April 12th, 2008 · No Comments

HOWLIN RAIN—MAGNIFICENT FIEND

Ethan Miller is apparently an inspired musical polymath. Miller is lead guitarist and frontman for Comets On Fire, one of the prime movers in the neo-psychedelic movement within indie rock. His feedback-laced, guitar-driven excursions for that group are rightly championed as examples of how to build on an established form (the psychedelic movement of the sixties/seventies) without sounding derivative. Amazingly, Miller is also able to pull off this same trick with his other band, Howlin Rain. In this case, however, the root of his musical inspiration lies in the blues-rock template of the late sixties/early seventies. Drawing on traditions established by a long list of Englishmen (Rod Stewart before his glam phase, Joe Cocker, and particularly Clapton/Derek and the Dominoes), Miller takes this blues-rock bed and layers it with tasty helpings of southern-rock and jam-band formulations (possibly inspired by his growing up in Humboldt County CA).

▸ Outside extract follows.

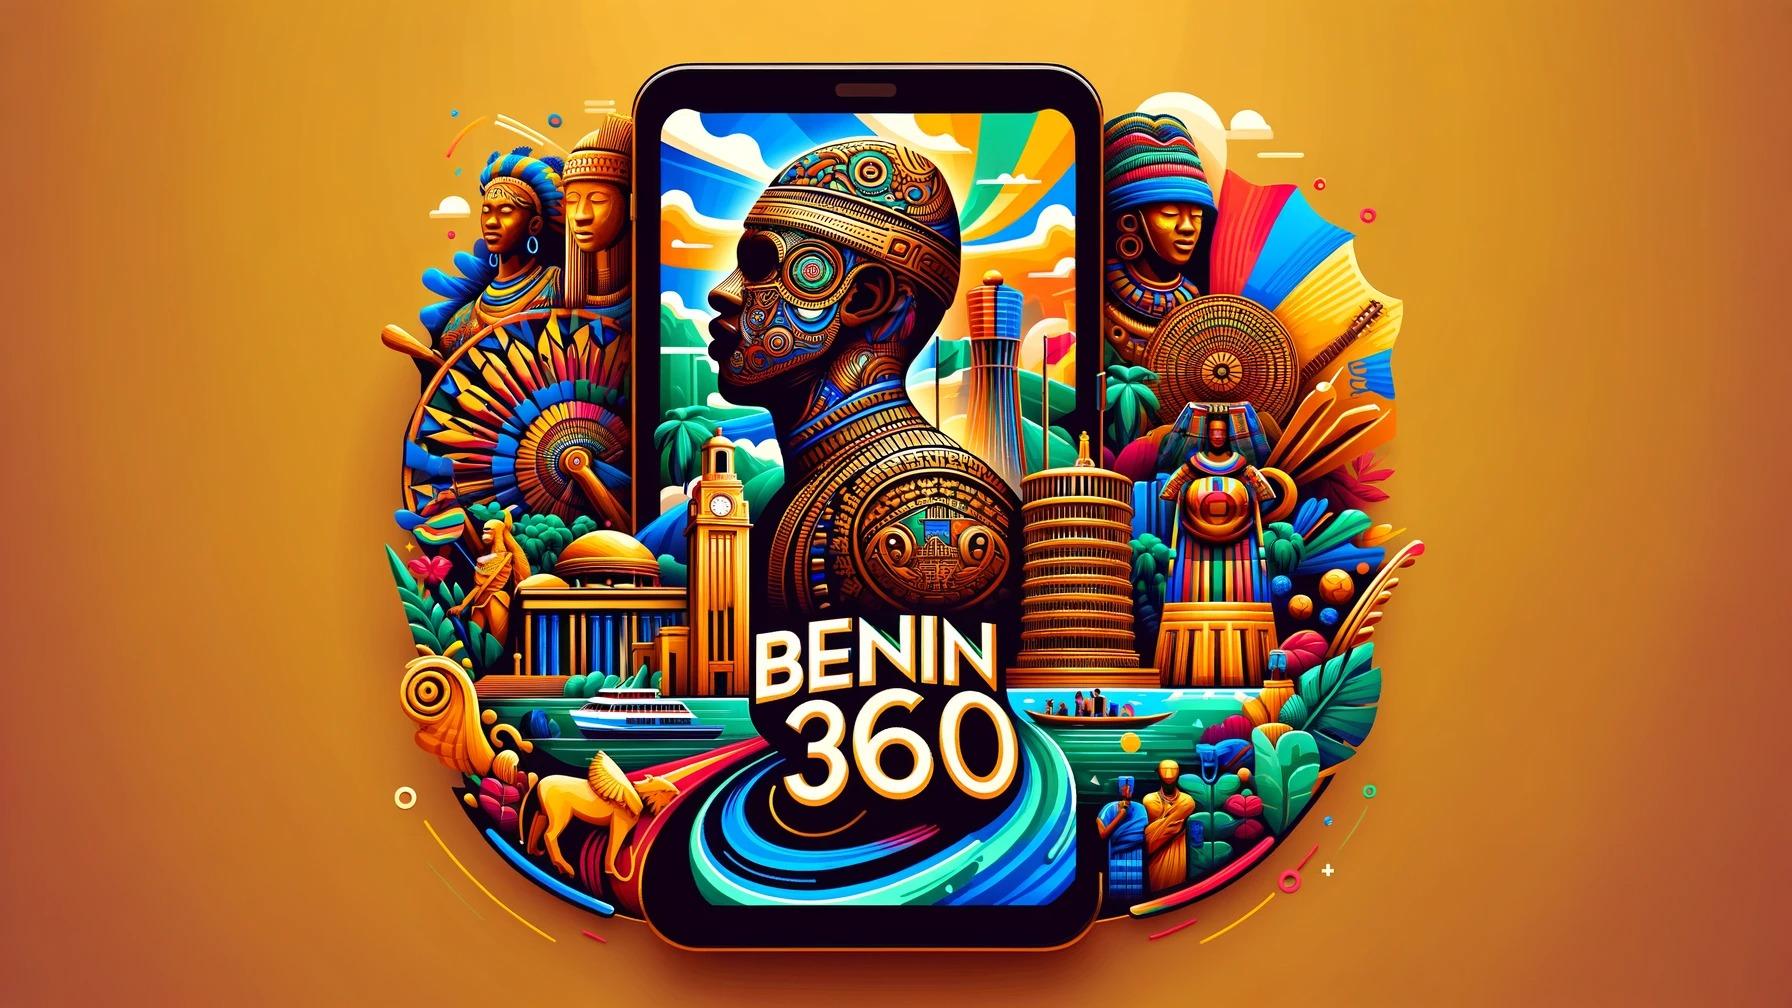 Benin360

Somehow, it all works a treat. This is largely due to the bands ability to keep the songs short and sweet. Miller’s raspy blues voice (strongly recalling Rod Stewart), lays into catchy, riff-driven songs, most of which are punctuated with concise, bluesy solos a la Clapton or even the Allmans’ Dickey Betts. Little evidence of psychedelia is found anywhere here (although the last song does end with a feedback drone).  The album opener, “Requiem,” takes off from a riff-heavy Hammond B-3 (used to great effect throughout the album) and combines its sound with stinging blues lines. Second song “Dancers At The End Of Time” finds Miller using his shouty blues voice to great effect, while many of the subsequent songs sound like they could be excellent Derek and the Dominoes outtakes, with their clean, occasionally twin guitar leads and vocal pleas to “Have mercy on my soul”.  The production is appropriately clean yet with some fuzz still attached. Who knew that this psychedelic wunderkind could also put out one best blue-rock recordings in recent memory? Indie-rockers may sleep on it, but for those with a hankering for Clapton, Stewart, or the Allmans in their prime, this will do very nicely.